Fig. 1.

Wg is endocytosed apically devoid of its signaling receptor, DFz2. (A) Endocytic assay: Surface distribution of Wg and DFz2 evaluated by incubating fluorescently labeled primary antibodies (Ab*) A568-anti-Wg, A647-anti-DFz2 on ice (step 1) (Fig. S1C). Surface-labeled wing discs are incubated at room temperature for 3–5 min with Ab* and Dex to image early endosomes (step 2) and acid washed to remove the Ab* left at the surface (step 3; see B–D), followed by chase in media without Ab* (step 4; see E and F). (B–F) Apical (B, Upper) and basal (B, Lower) confocal sections of control (w¹¹¹⁸) wing discs shows “5-min pulse” endosomes (B) and the medial plane of w¹¹¹⁸ wing discs shows “5-min pulse and 10-min chase” endosomes (E) of Dex (blue), Wg (red), and DFz2 (green). YZ (B′/E′) and XZ (B″/E″) sections (along yellow lines in B and E) are oriented apical to basal (a → b).
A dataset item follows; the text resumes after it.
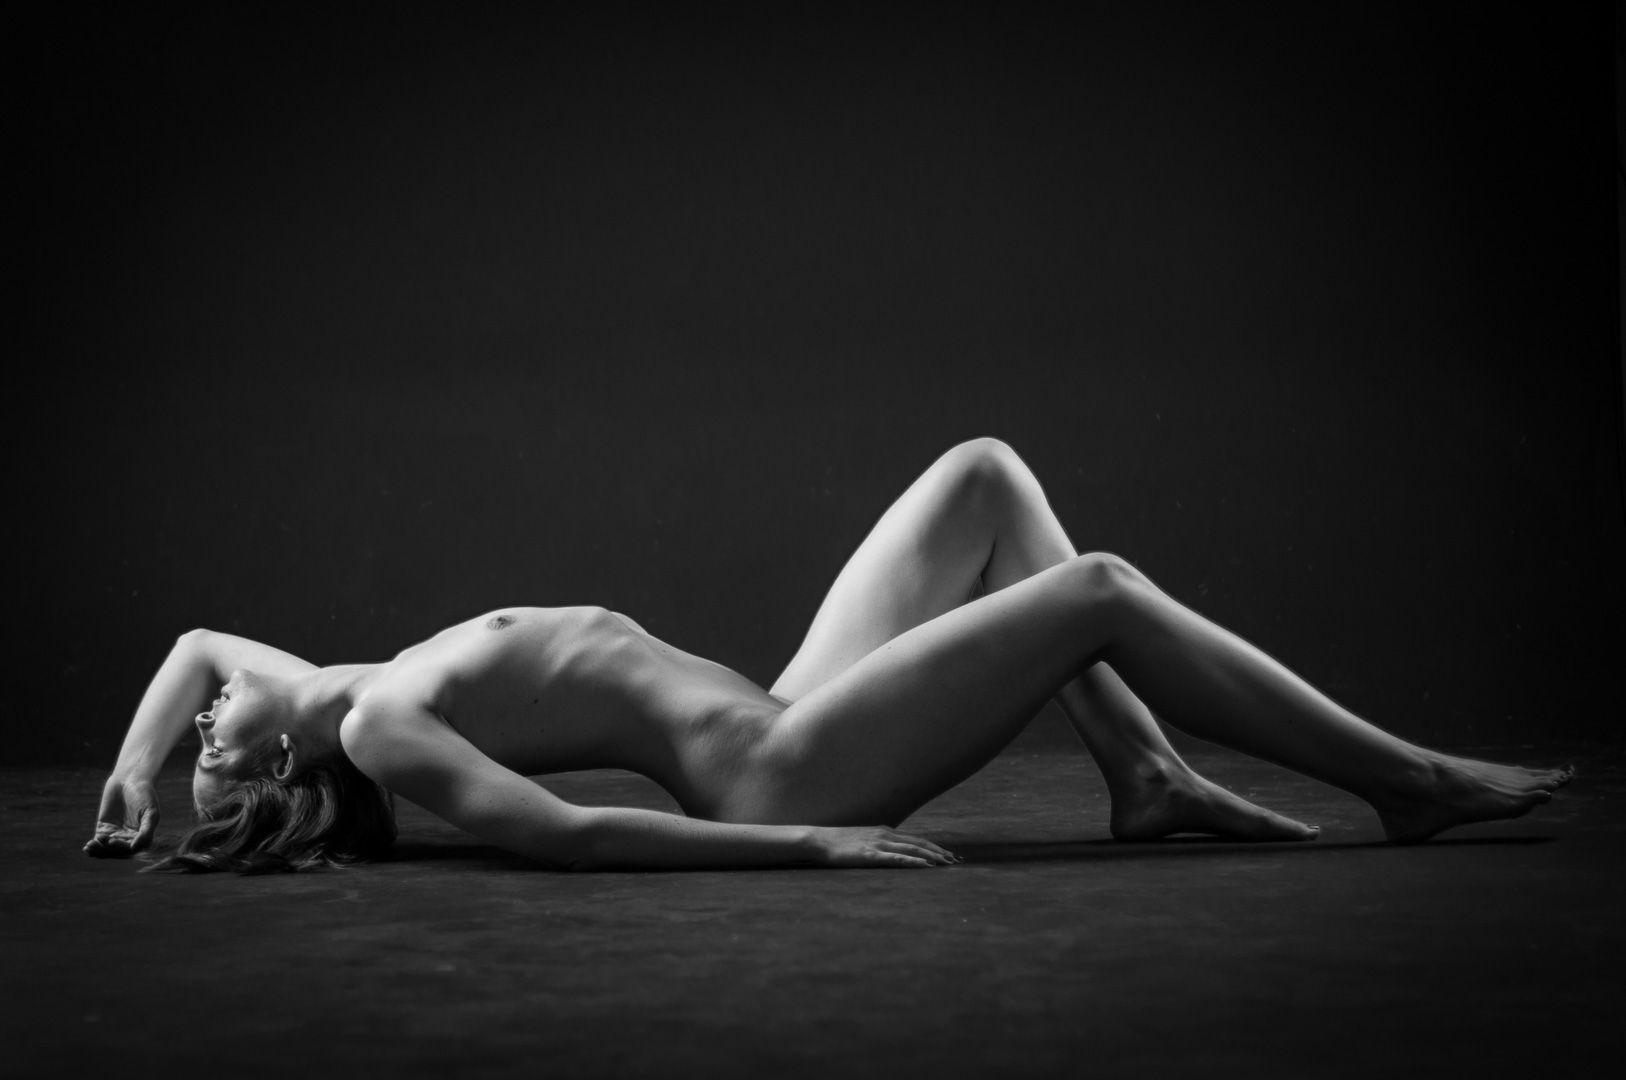 Creative art nude photography

Regions (*) from B and E are magnified in C, D, and F. Boxed regions (C, D, and F) are magnified (∼1.5×) and shown below with indicated probes in the color outlines. Images have been rotated (B–D), background-subtracted, and median-filtered with intensities appropriately scaled. Wg and Dex colocalize extensively in apical endosomes, whereas DFz2 endosomes are predominantly found basally, yet separate from Dex endosomes 5-min postinternalization. With time, all three colocalize in a common endosome in more medial planes. (Scale bars, 50 μm in B and E and 10 μm in C, D, and F.)